### Task brief
Restate the whole of the data below word for word, skipping the images.

### Data shown
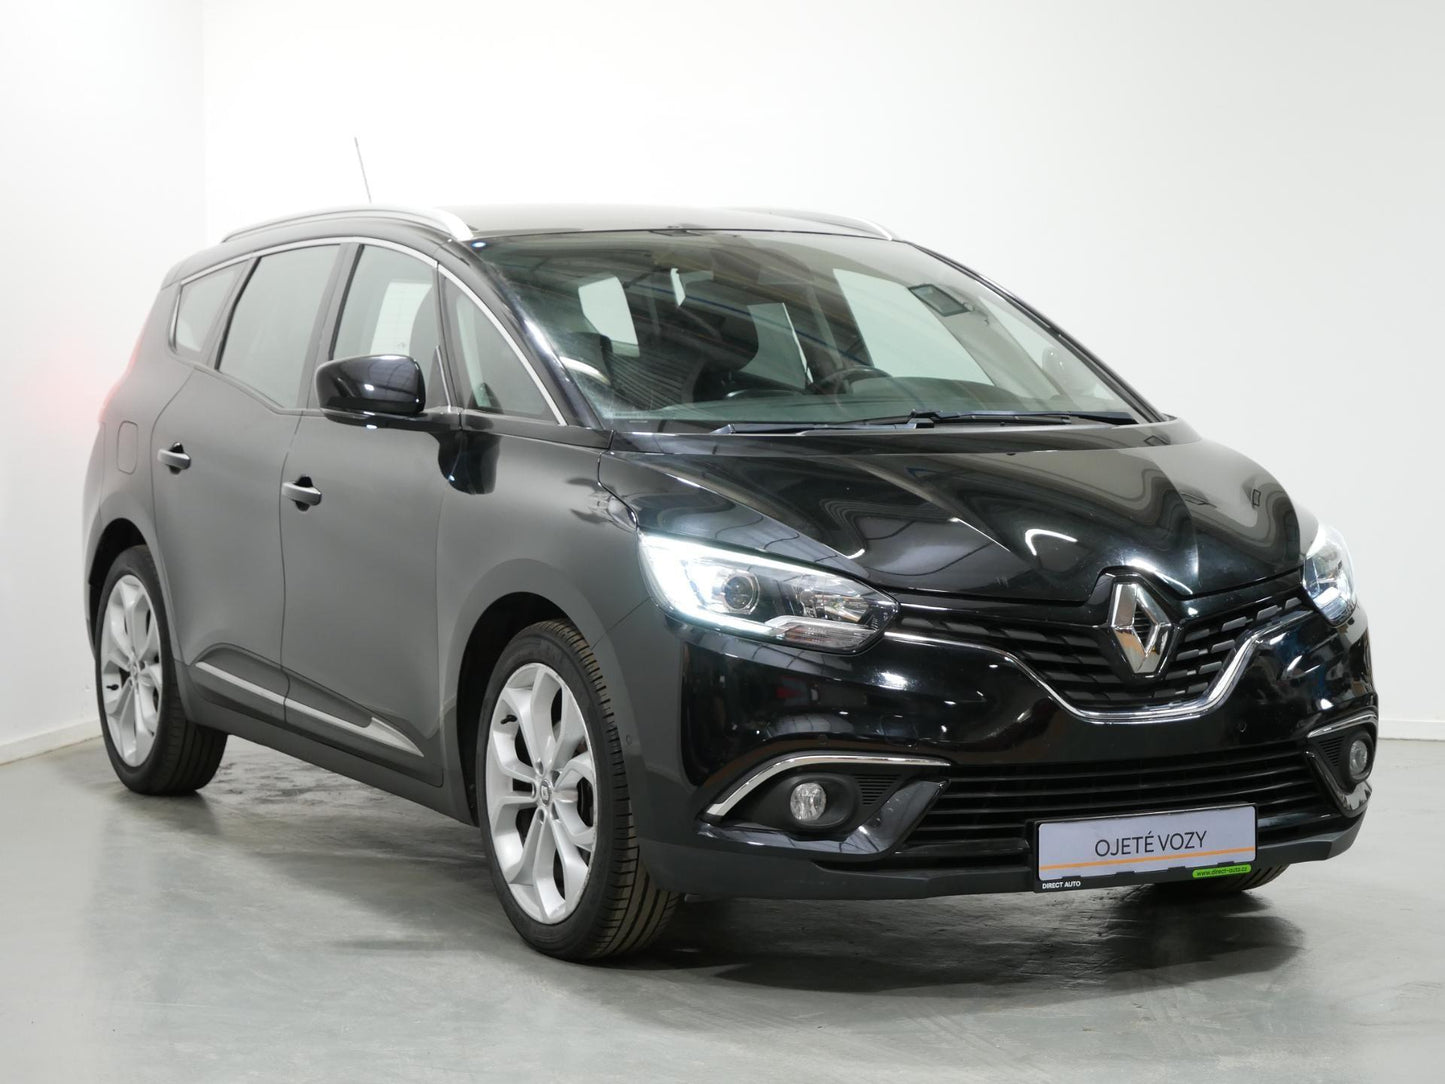 Renault Scénic 1.5 DCI 81 kW Business
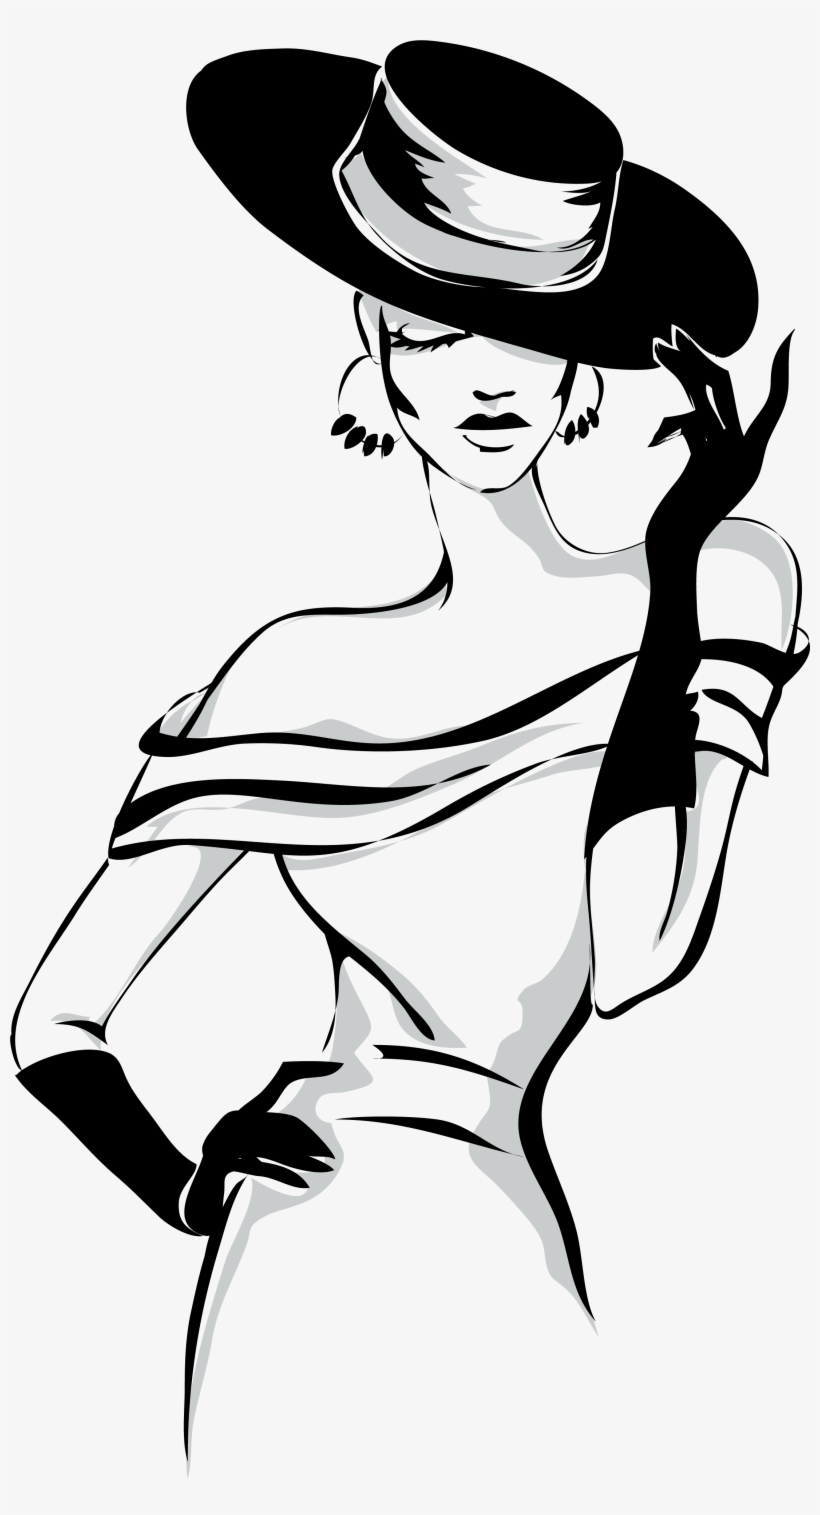 Model Stock Illustration Black And White Girl - Fashion Backgrounds Black And White, transparent png #8010439
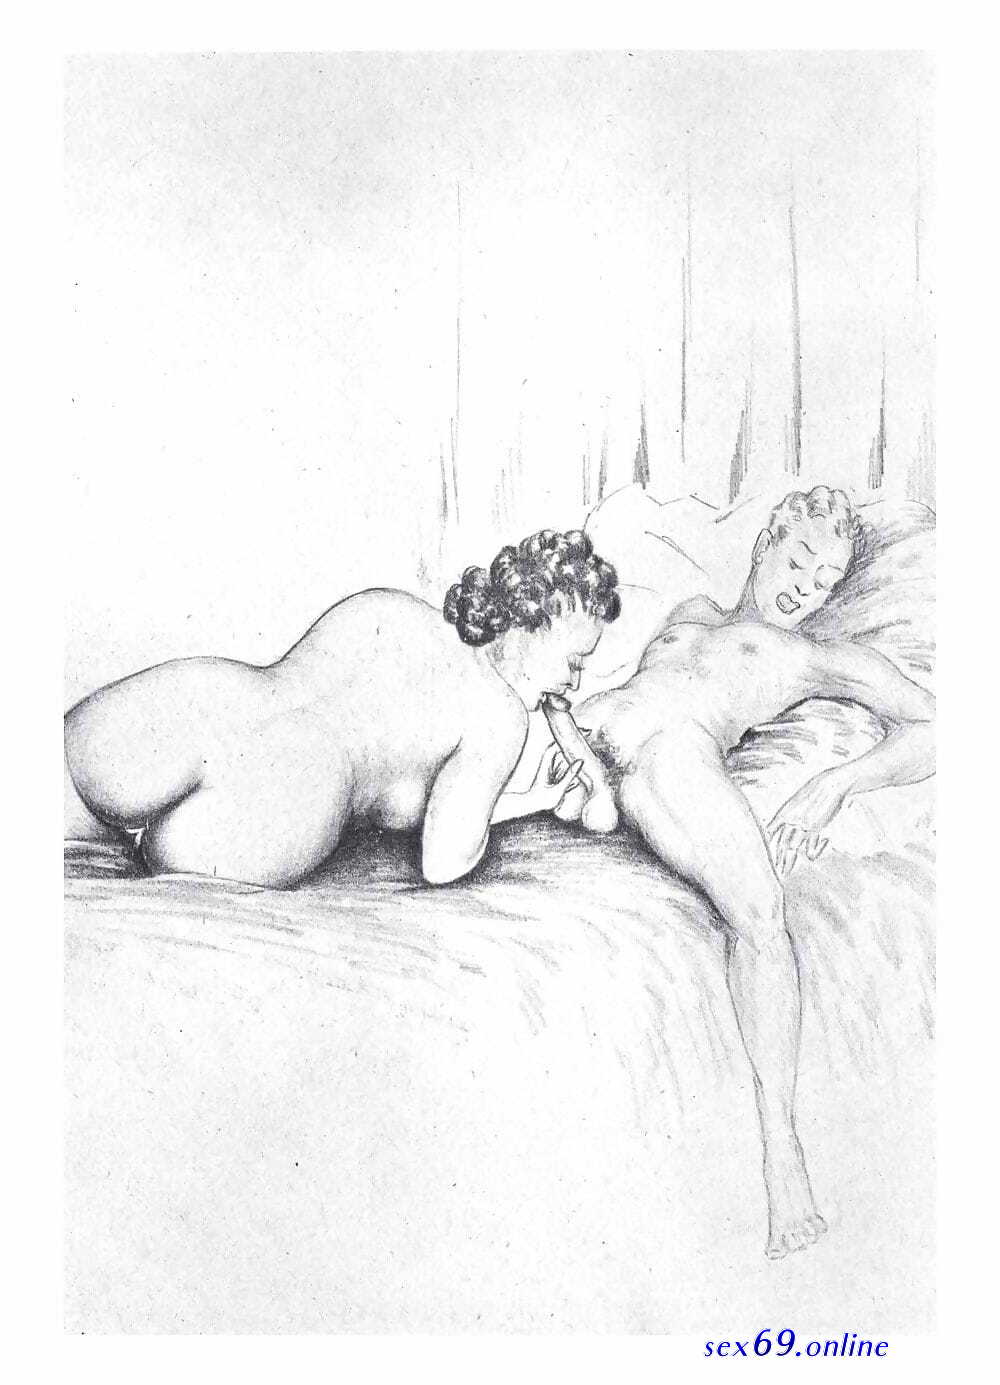 incest retro drawing galleries.net - Sexy photos
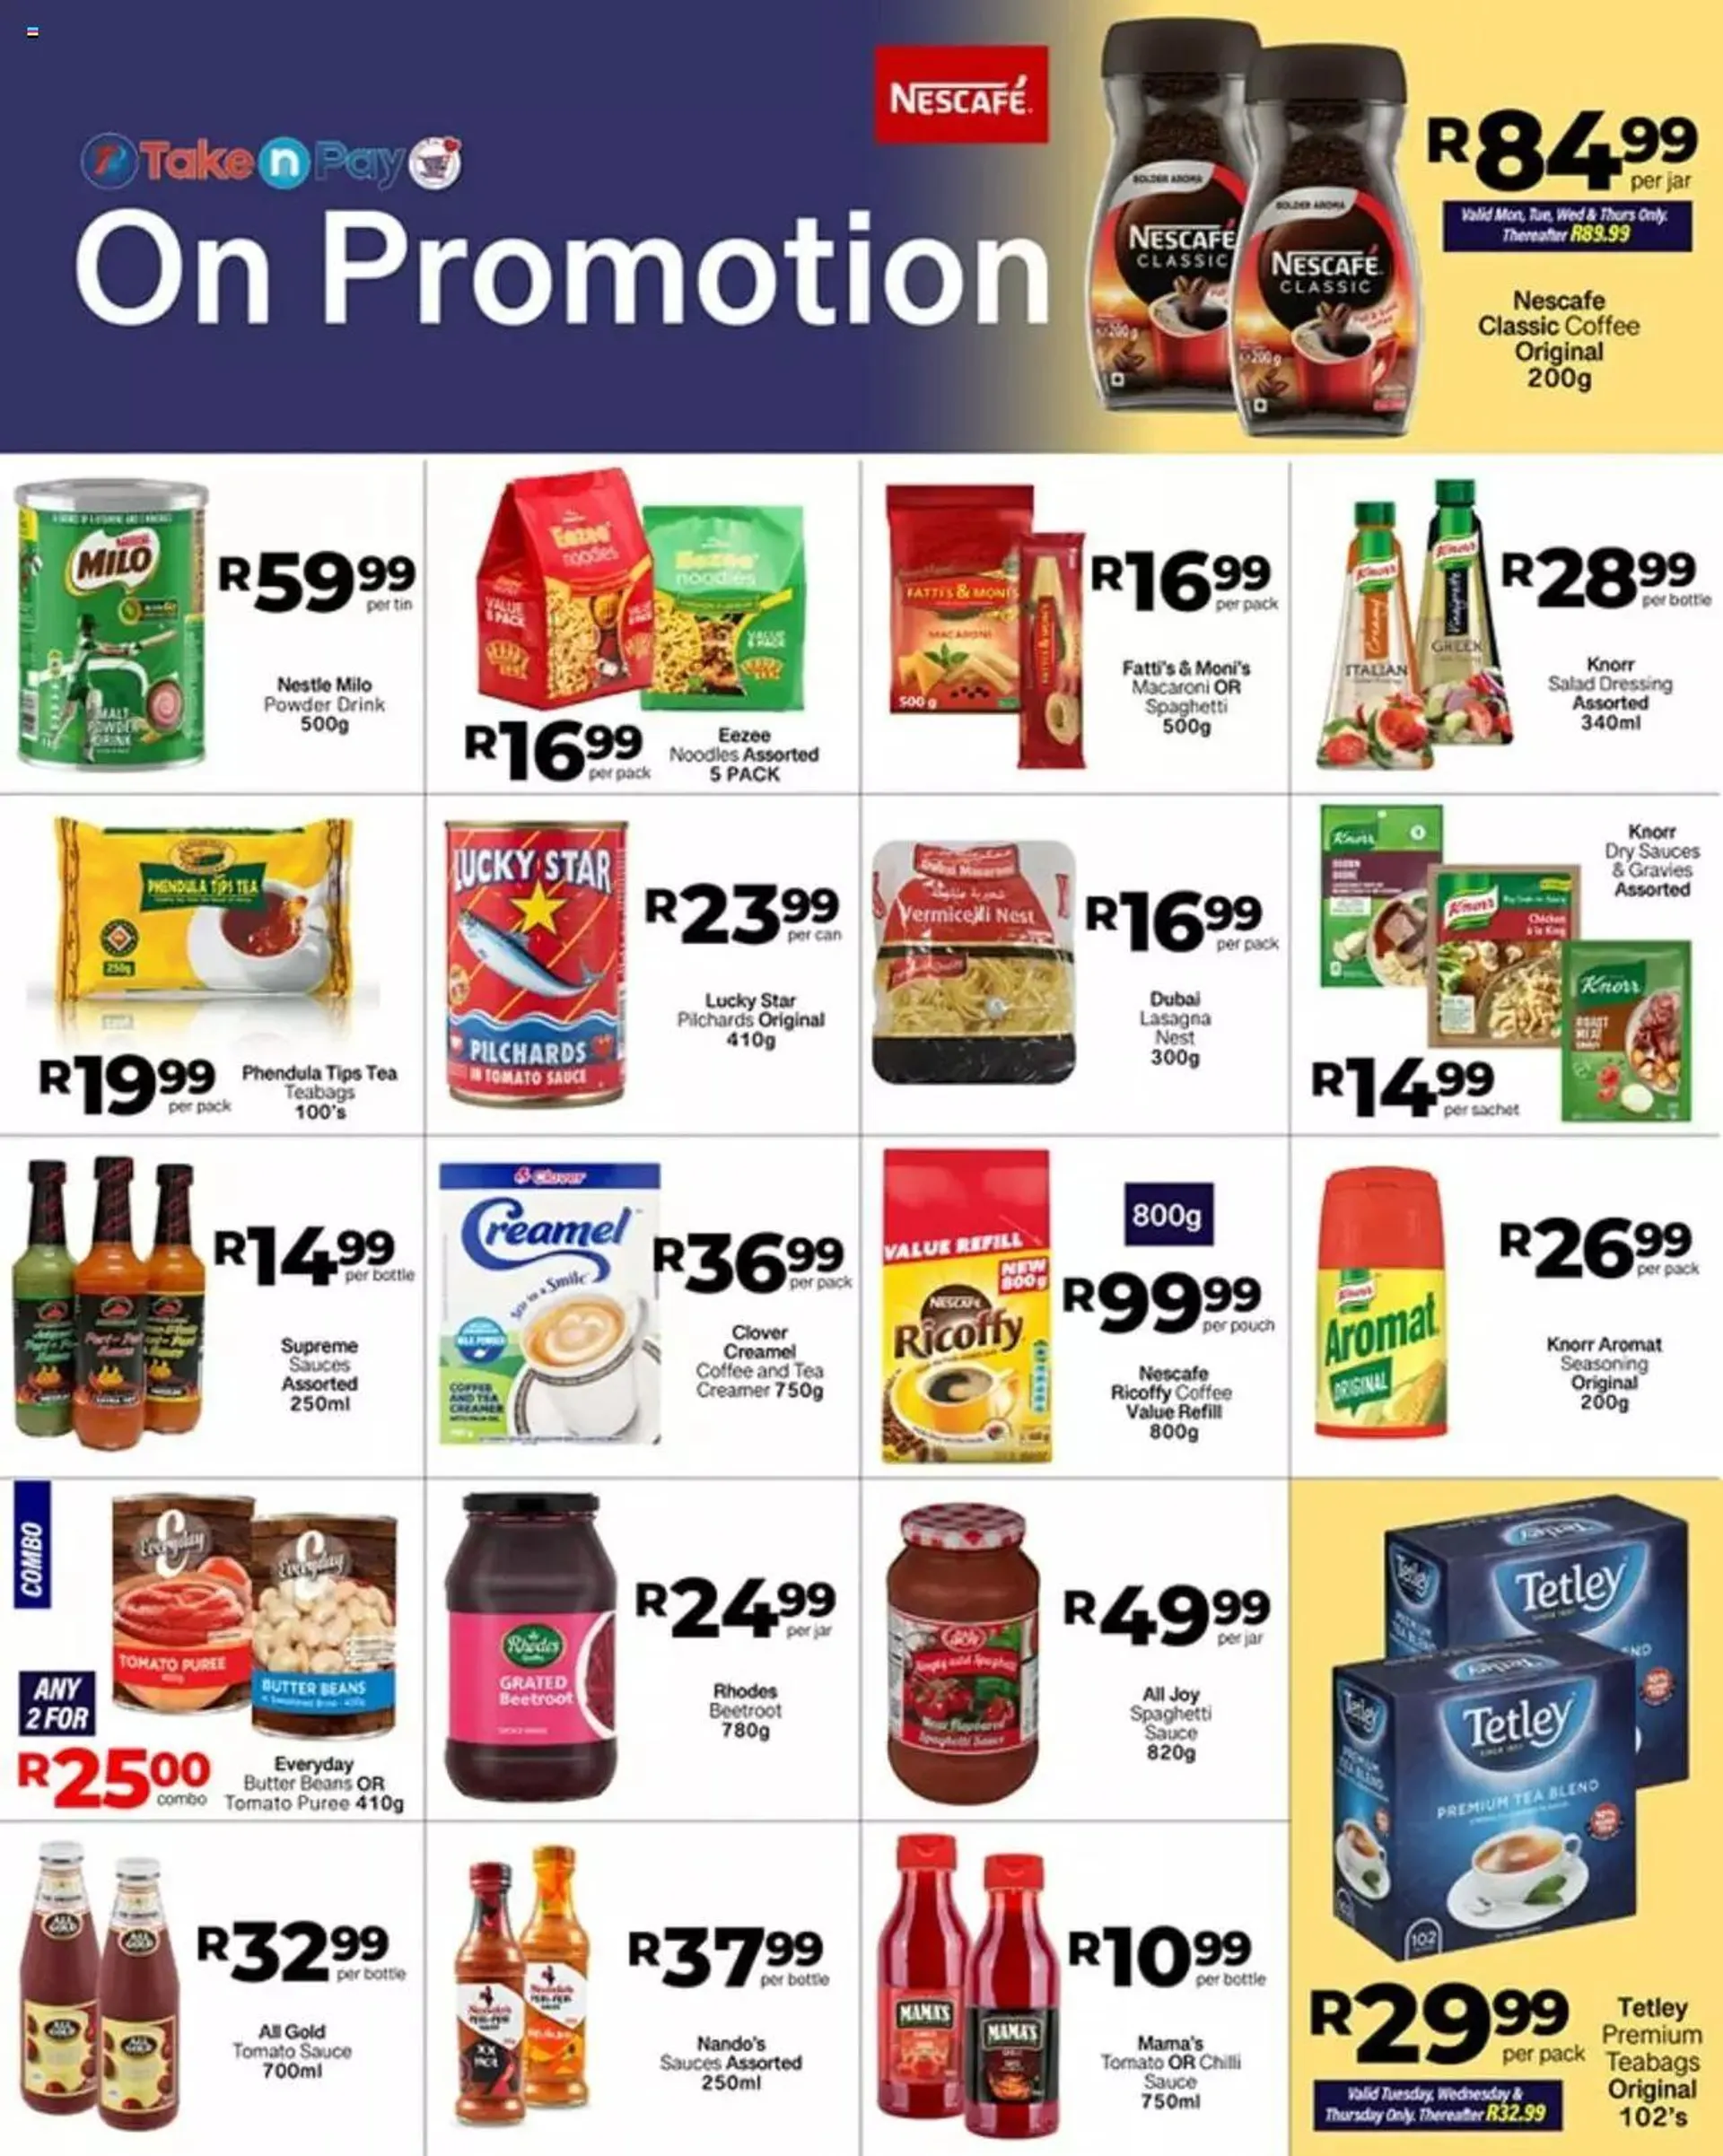 Take n Pay Specials - 1

### Task output
 Renault Scénic 1.5 DCI 81 kW Business
 Model Stock Illustration Black And White Girl - Fashion Backgrounds Black And White, transparent png #8010439
 incest retro drawing galleries.net - Sexy photos
 Take n Pay Specials - 1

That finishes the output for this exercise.